Rheumatoid arthritis (RA), a painful disease that causes chronic inflammation in the joints, affects about 1% of the population worldwide. Despite treatments, many patients continue to experience flare-ups and joint damage. While it’s long been known that ongoing activation of the immune system plays a key role in RA, exactly what causes this prolonged response by the body’s own immune cells has remained unclear.

A new study from researchers at the Kennedy Institute, University of Oxford performed by KTRR funded DPhil student Anna Marzeda and colleagues within the RACE consortium sheds new light on this problem by exploring how certain immune cells called monocytes "remember" past triggers inside the body and react differently over time. This “immune memory” is usually helpful in fighting infections, but in RA, it may worsen inflammation.

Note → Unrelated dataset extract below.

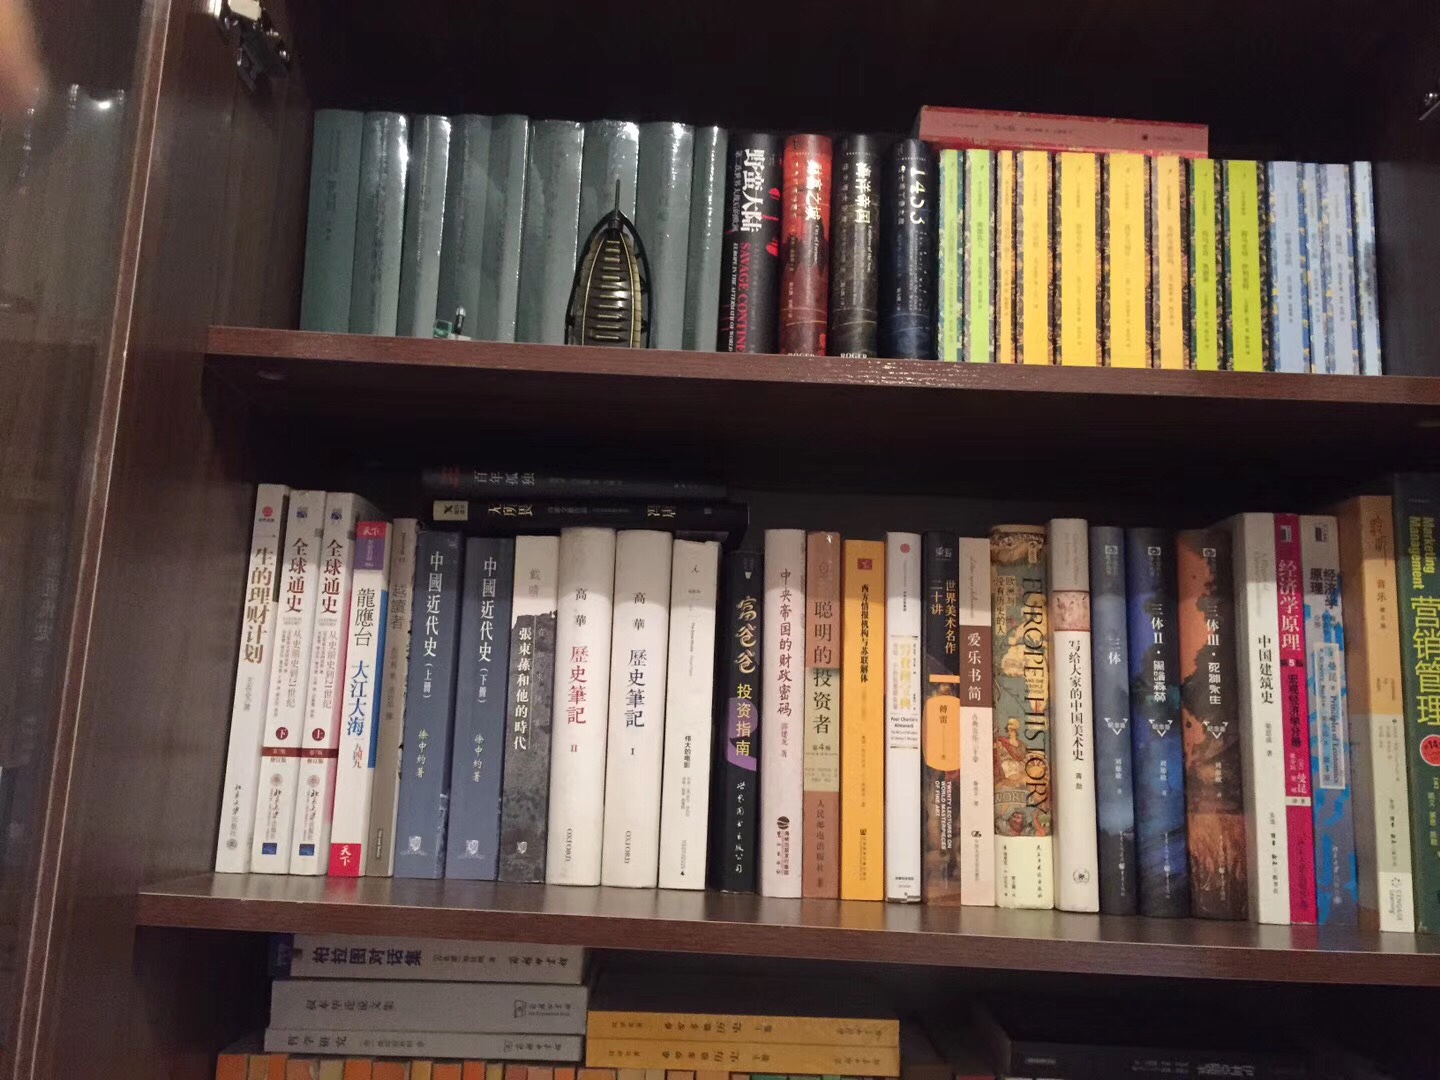 商务印书馆的汉译世界学术名著，为最全最经典的学术名著，有多少买多少，家里藏了100多本了。
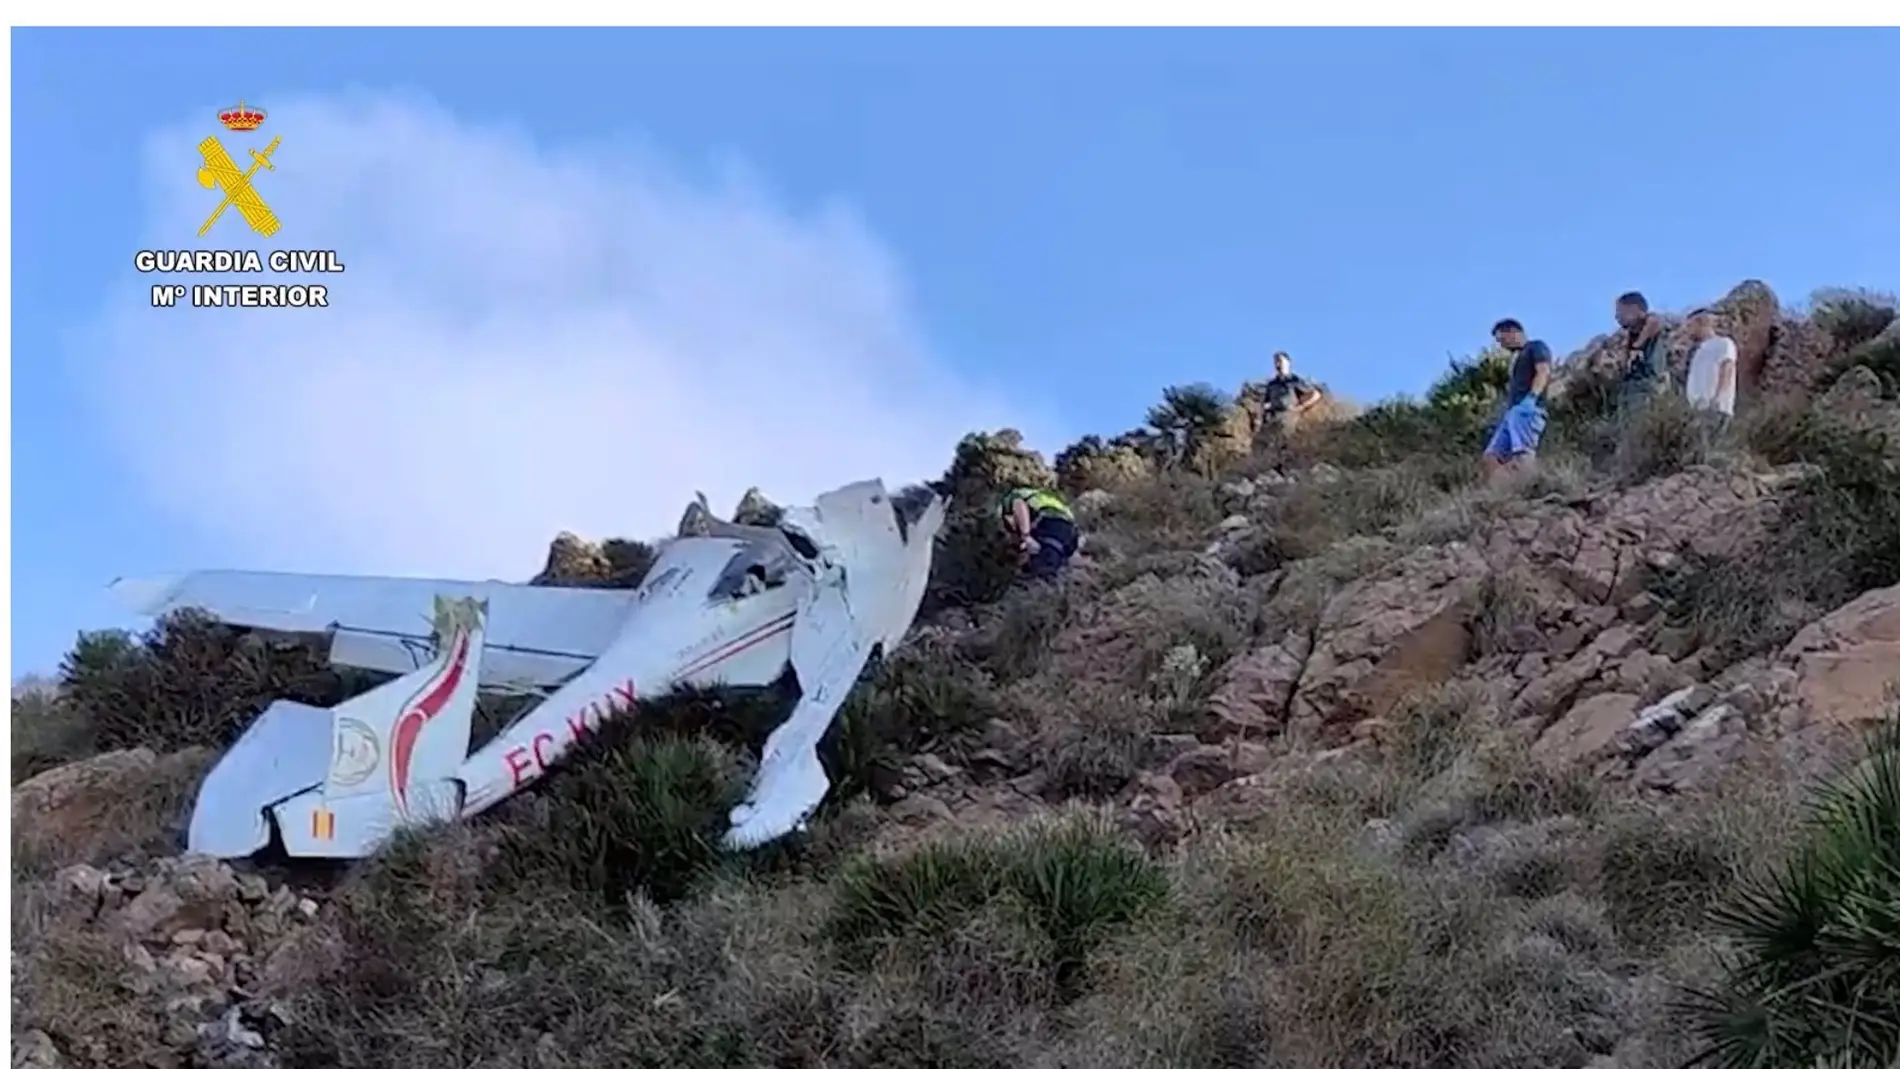 Avioneta accidentada en el Cerro del Fraile, en el Parque Natural Cabo de Gata-Níjar

Published in the Annals of the Rheumatic Diseases, the study focused on analysis of inflammatory triggers relevant to the pathogenesis of RA, including the matrix  molecule tenascin-C, which is released during joint injury and signals the immune system to respond. Anna Marzeda explained: ‘We discovered that tenascin-C reprograms monocytes in a unique way, causing them to react strongly not only to repeated injury signals but also to other inflammatory triggers found in RA joints. Unlike typical responses to infections, this internal “danger signal” primed monocytes to respond very differently to re-challenge, in particular ramping up inflammatory signals associated with altered metabolism, iron-related cell death and treatment non-response, promoting long-lasting inflammation and tissue damage.’

Further investigation confirmed that monocyte memory is linked to changes in how the cells' genes are regulated at the epigenetic level and revealed again that infectious stimuli and tenascin-C act in distinct ways to reprogramme immune cells. Moreover, RA monocytes had higher levels of proteins that control chromatin accessibility and histone modifications, altering which genes can be turned on or off, and displayed higher levels of tenascin-C activated immune memory signalling. In immune cells isolated from the joints of people with RA, memory pathways driven by tenascin-C were especially high in macrophage subsets known to cause disease flare.

Kim Midwood, Professor of Matrix Biology at the Kennedy Institute, who led the study said: ‘This study provides new insights into pathways underpinning exacerbated inflammation in RA that until now have been poorly explored but which may offer the potential to move towards more focused inhibition of disease relevant immune activation. This could lead to new therapies that specifically calm harmful inflammation in RA without broadly suppressing the immune system, preventing flare, reducing side effects and improving outcomes for patients.’